AI/ML Applications in Engineering

AI/ML Applications in Engineering

According to Alzheimer’s Disease International, 5.2% of the world’s population over 60 years old is estimated to be living with dementia, with the vast majority (~70-80%) the result of Alzheimer’s disease (AD). Considering the prevalence of AD and the projected population aging, by 2030, over 100 million people are expected to be living with AD. After several decades of focused clinical and genetic research and despite numerous advancements in the understanding of the disease, the pathophysiological mechanisms of AD remain unknown. In order to address this problem, and inspired by advances in the characterization of the brain’s connectome, availability of fMRI data and enhanced AI research capabilities enabled by HiperGator 3.0/AI, in this catalyst project, we will combine recently developed advanced functional magnetic resonance imaging (fMRI) techniques with novel network theory and image analysis methods, to identify quantitative biomarkers that can help the early diagnosis and guide treatment of AD.

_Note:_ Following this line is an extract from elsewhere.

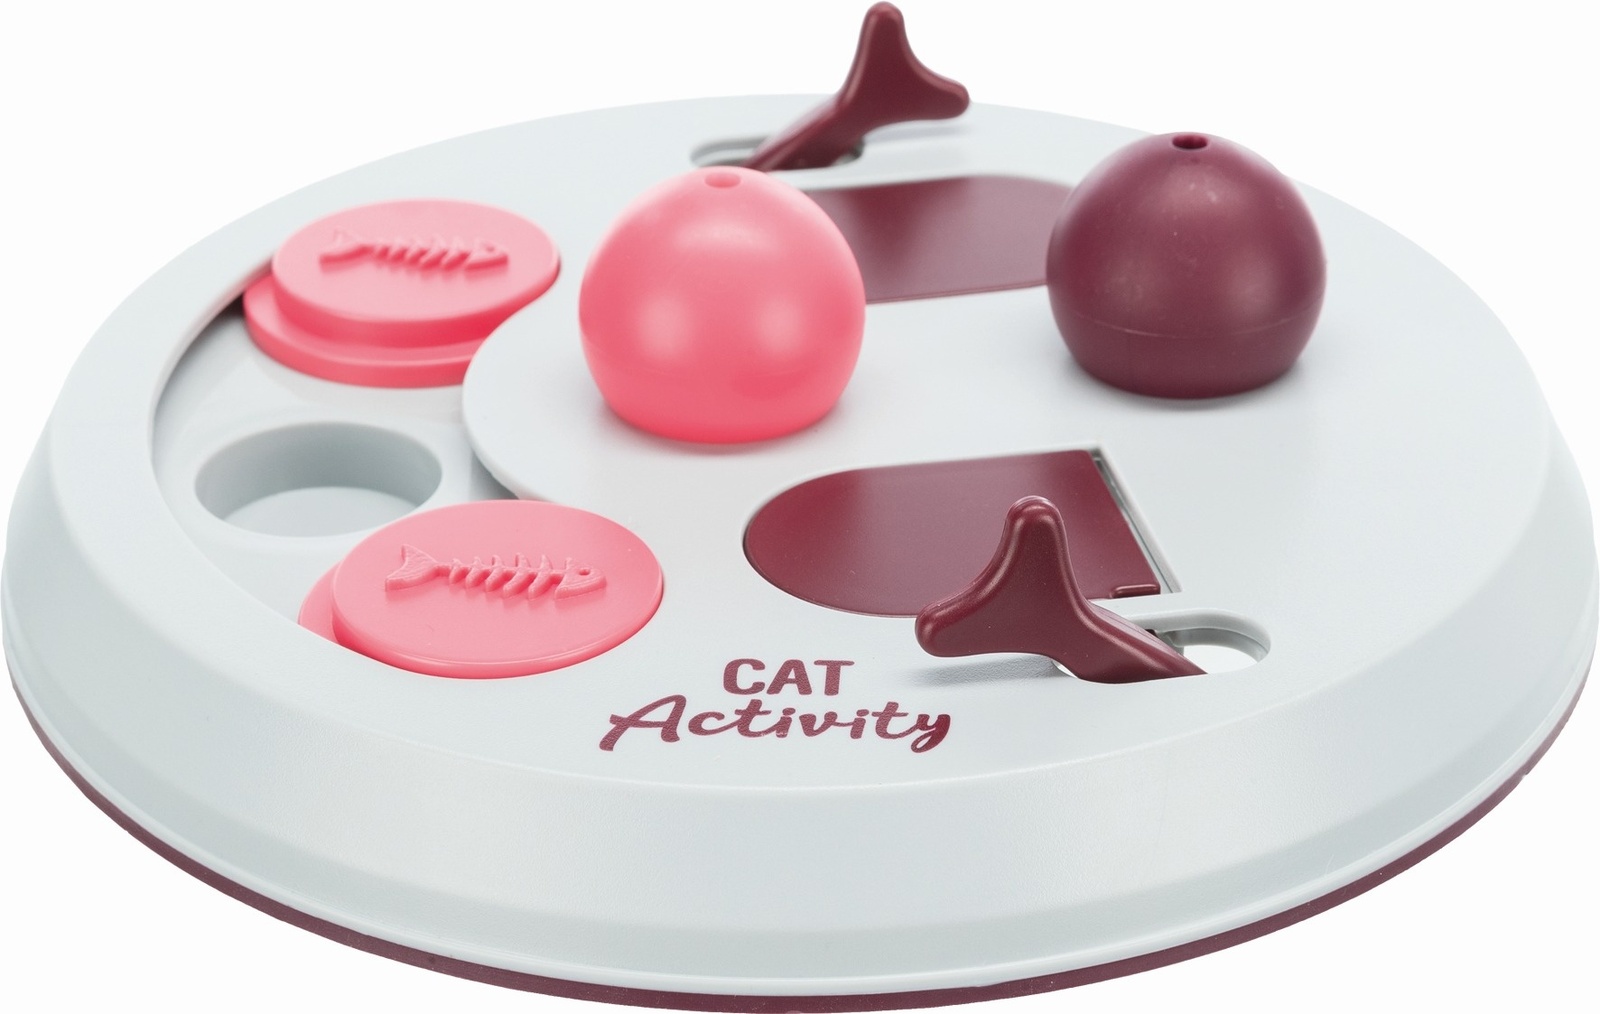 Trixie Trixie развивающая игра, ягодный, розовый, светло-серый (362 г) trixie кликер с телескопической антенной cat activity

Specifically, we aim to use machine learning to juxtapose connectomic analysis with brain imaging analysis to model disease progression and identify biomarkers in AD. Understanding connectome characteristics can lead to identification of critical neural nodes and connections underlying AD while imaging analysis can provide unfiltered diagnostic criteria. These findings can be combined to pinpoint AD biomarkers and used to model disease progression through targeted network attacks.